** Opening Raw data block **

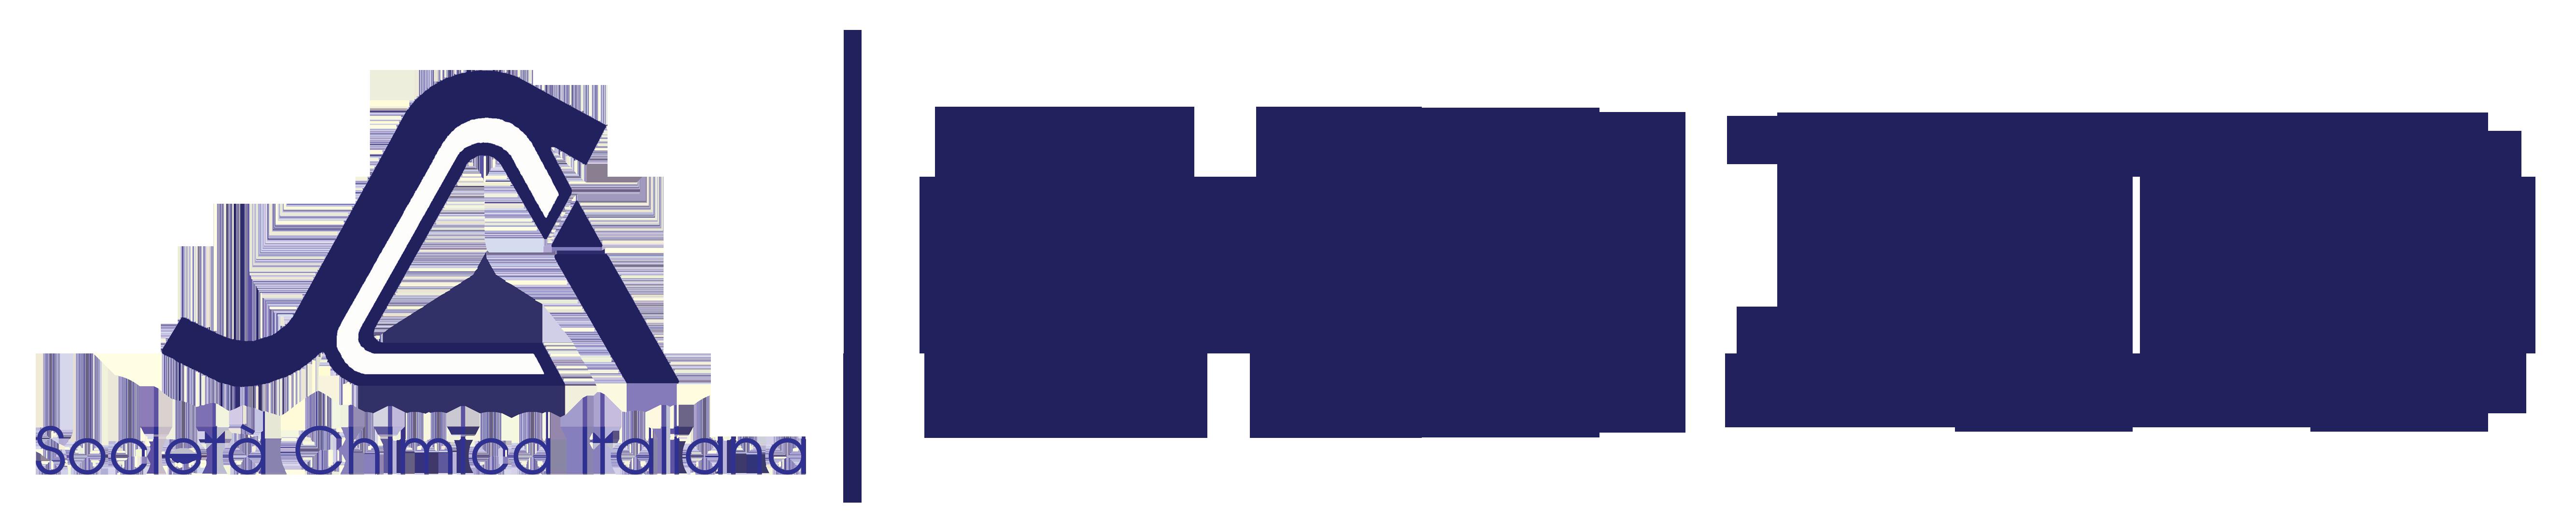 sci2020
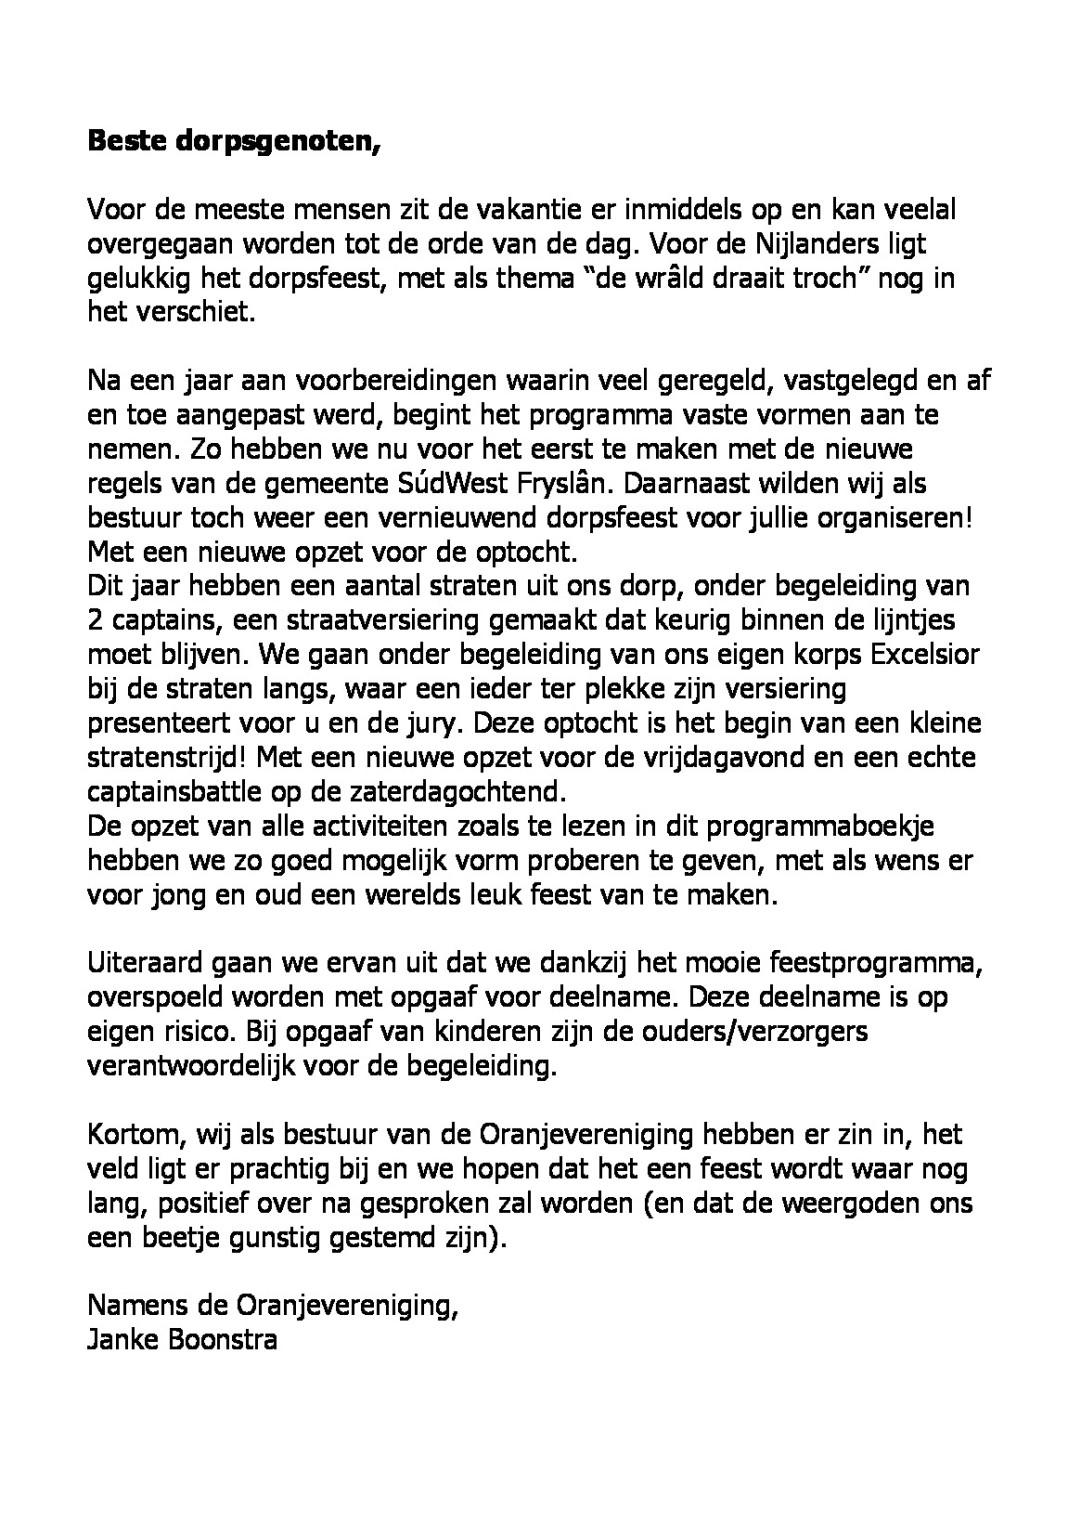 http://www.oranjenijland.nl/wp_oranjenijland/wp-content/uploads/2014/08/540031a00dae3-1-1081x1536.jpg
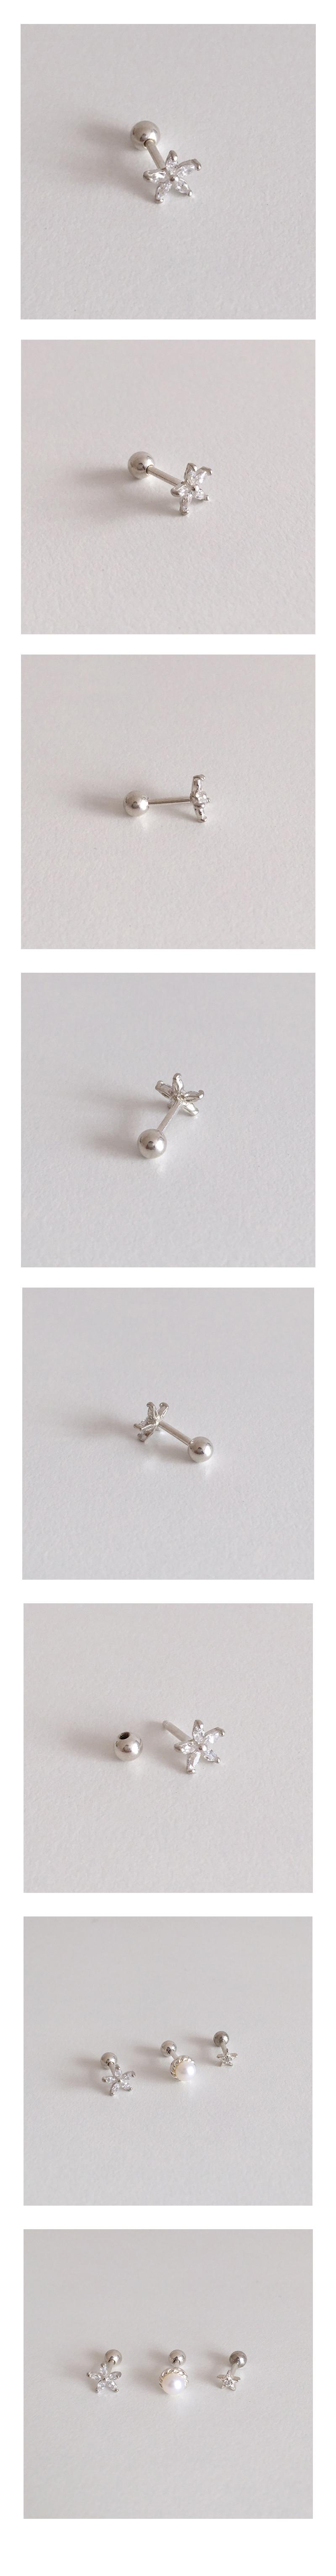 bloom piercing
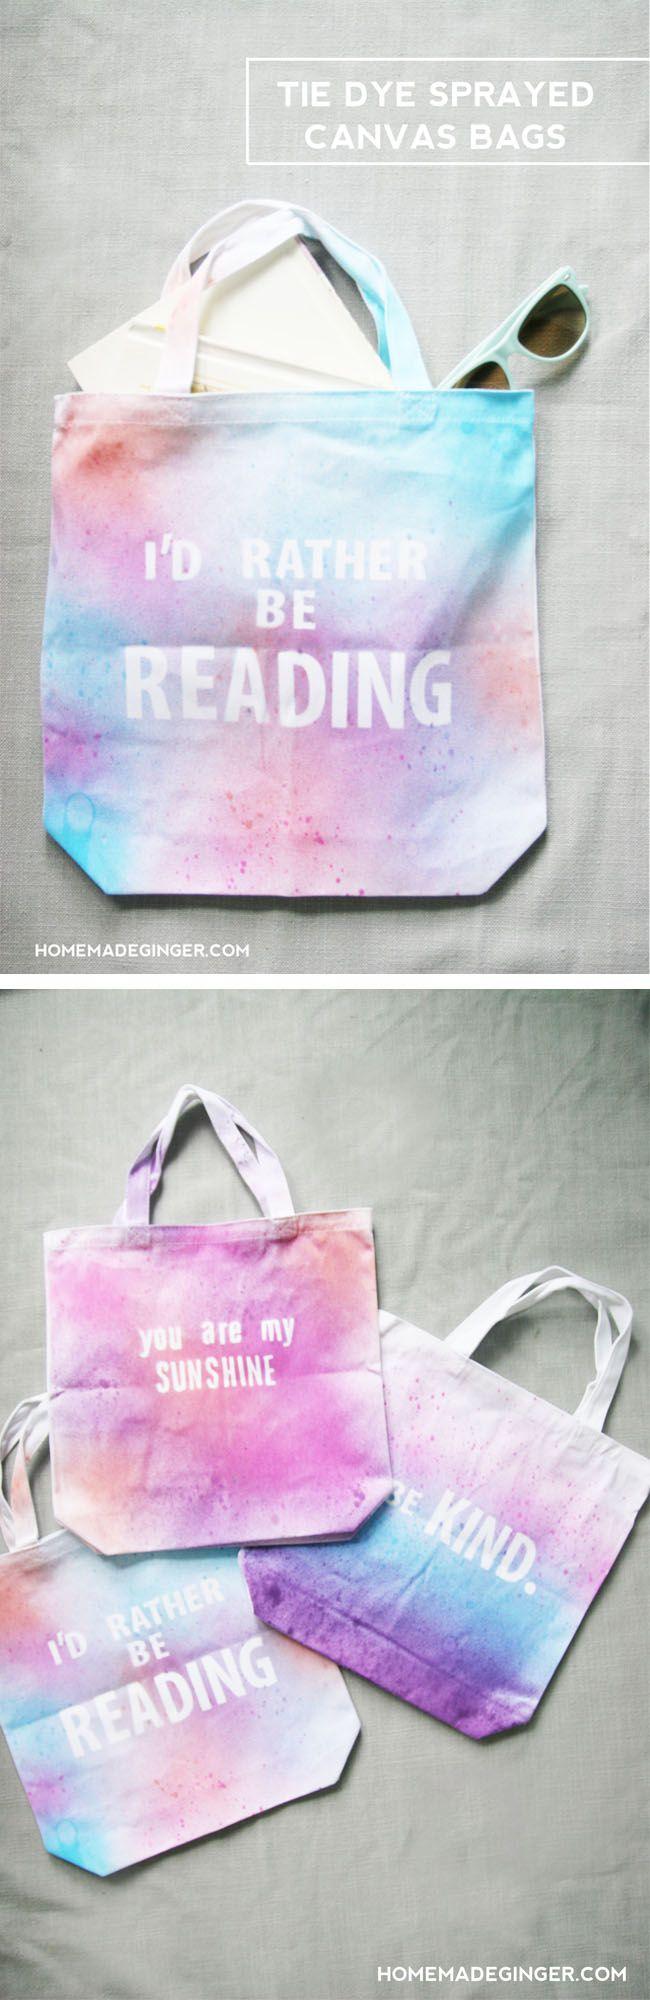 Tie Dye Sprayed Canvas BagsKatie Bennett

** Closing Raw data block **

All that is needed is an exact copy of the lines from the line with "bloom piercing" through the end of the listing, both ends included, with no pictures.

 bloom piercing
 Tie Dye Sprayed Canvas BagsKatie Bennett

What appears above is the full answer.